---- RECORDED INFORMATION

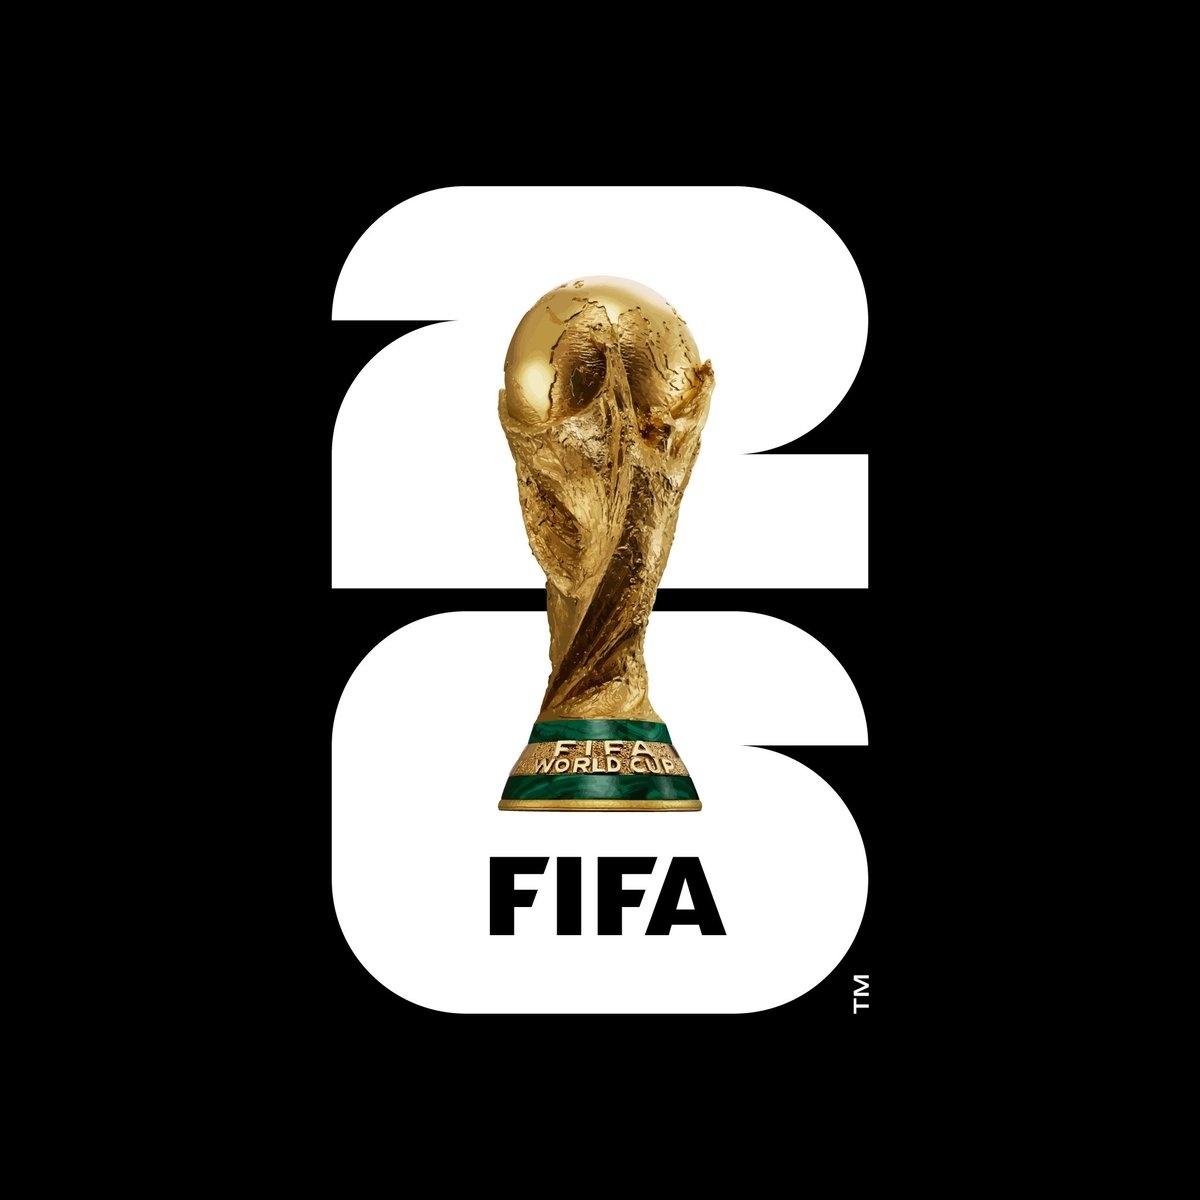 Fifa anuncia oficialmente Brasil como sede da Copa do Mundo de
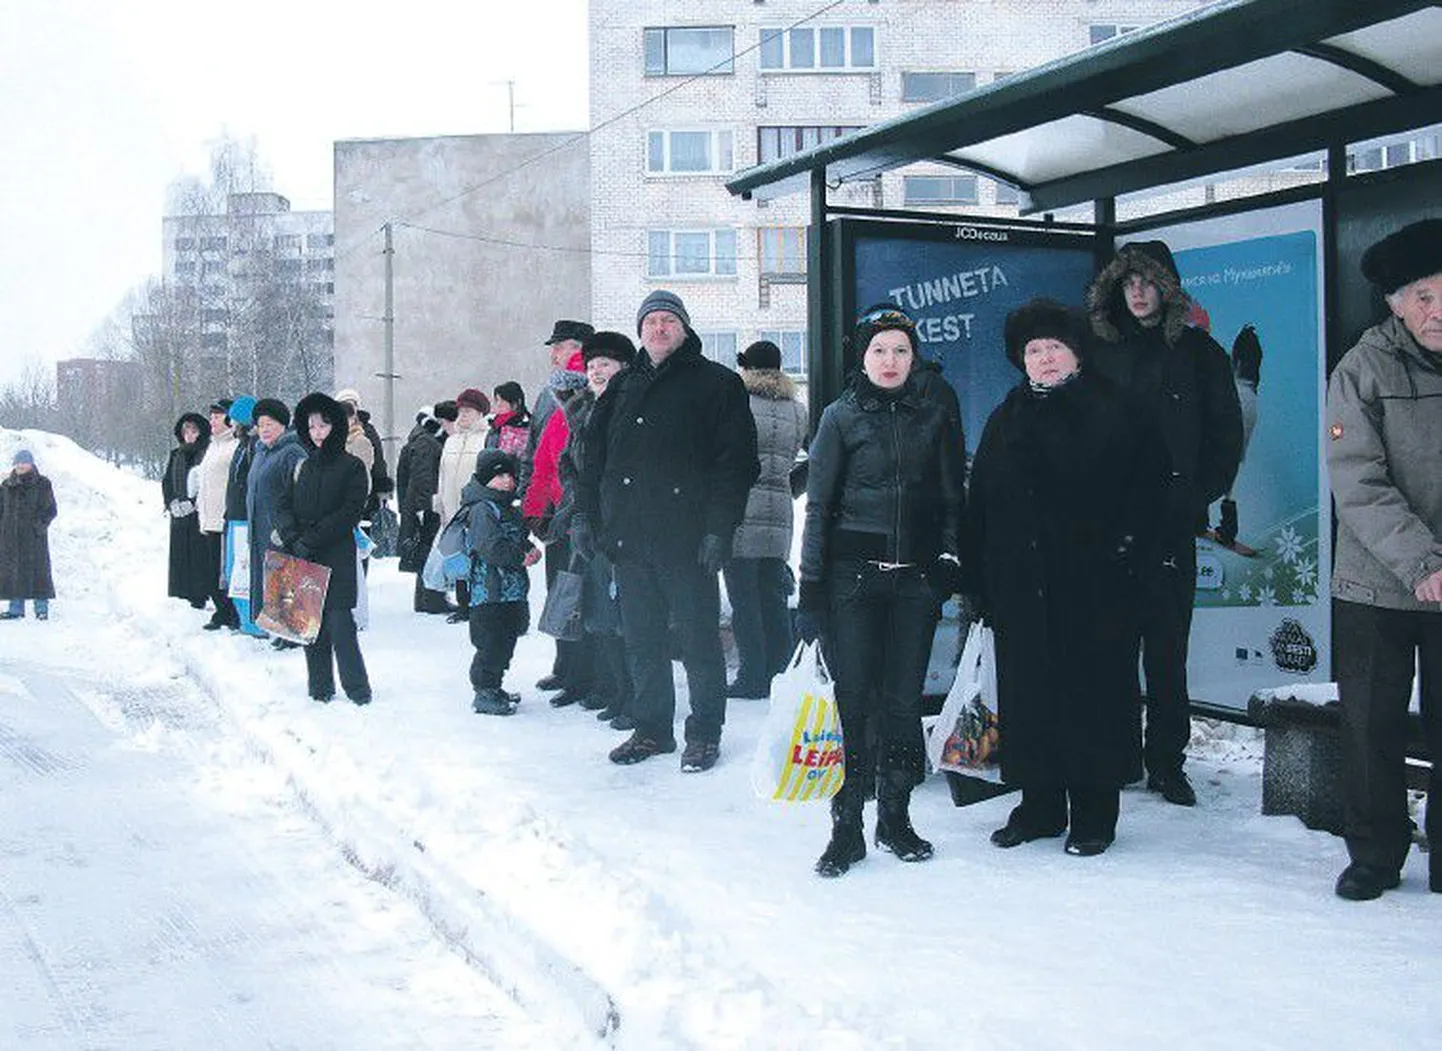 Мало того, что расходы на проезд для нарвских пассажиров подорожали, так еше и в автобусах давка, жалуются люди, ждущие по утрам автобус.
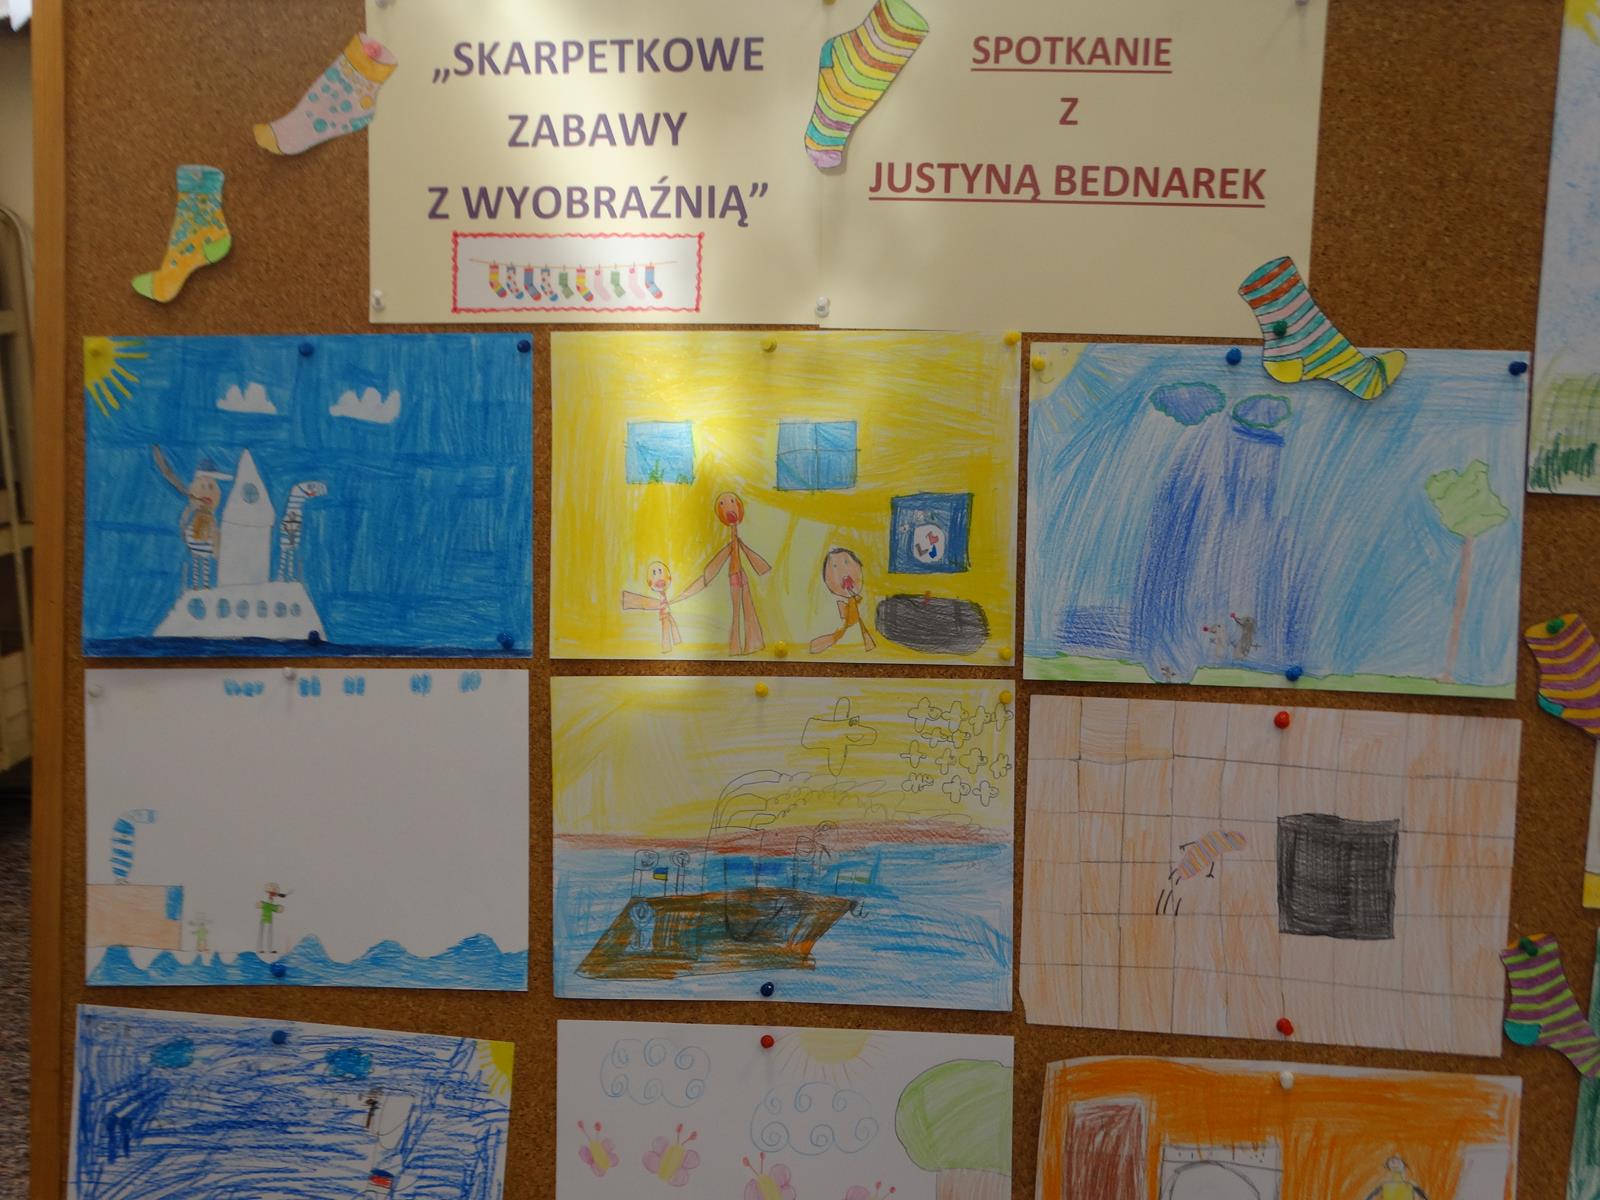 rysunki wykonane przez dzieci biorące udział w spotkaniach przedstawiające bohaterów książek Justyny Bednarek
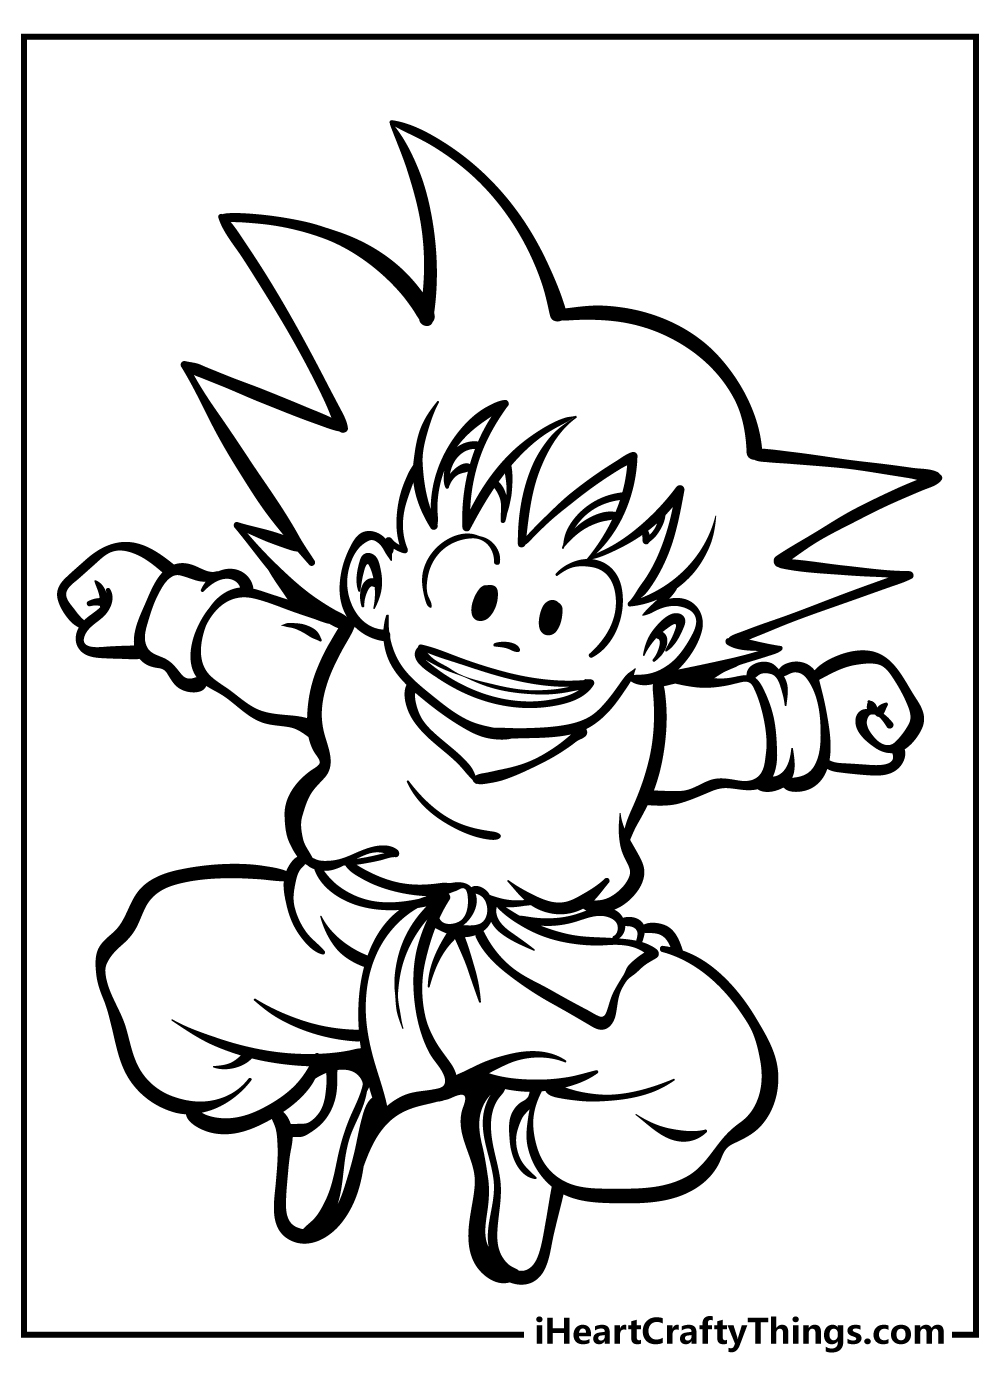 Goku Coloring Book for kids free printable

--------

Repeat the data exactly, without the pictures.

● **FINISHED EXERCISE**
 Fifa anuncia oficialmente Brasil como sede da Copa do Mundo de
 Мало того, что расходы на проезд для нарвских пассажиров подорожали, так еше и в автобусах давка, жалуются люди, ждущие по утрам автобус.
 rysunki wykonane przez dzieci biorące udział w spotkaniach przedstawiające bohaterów książek Justyny Bednarek
 Goku Coloring Book for kids free printable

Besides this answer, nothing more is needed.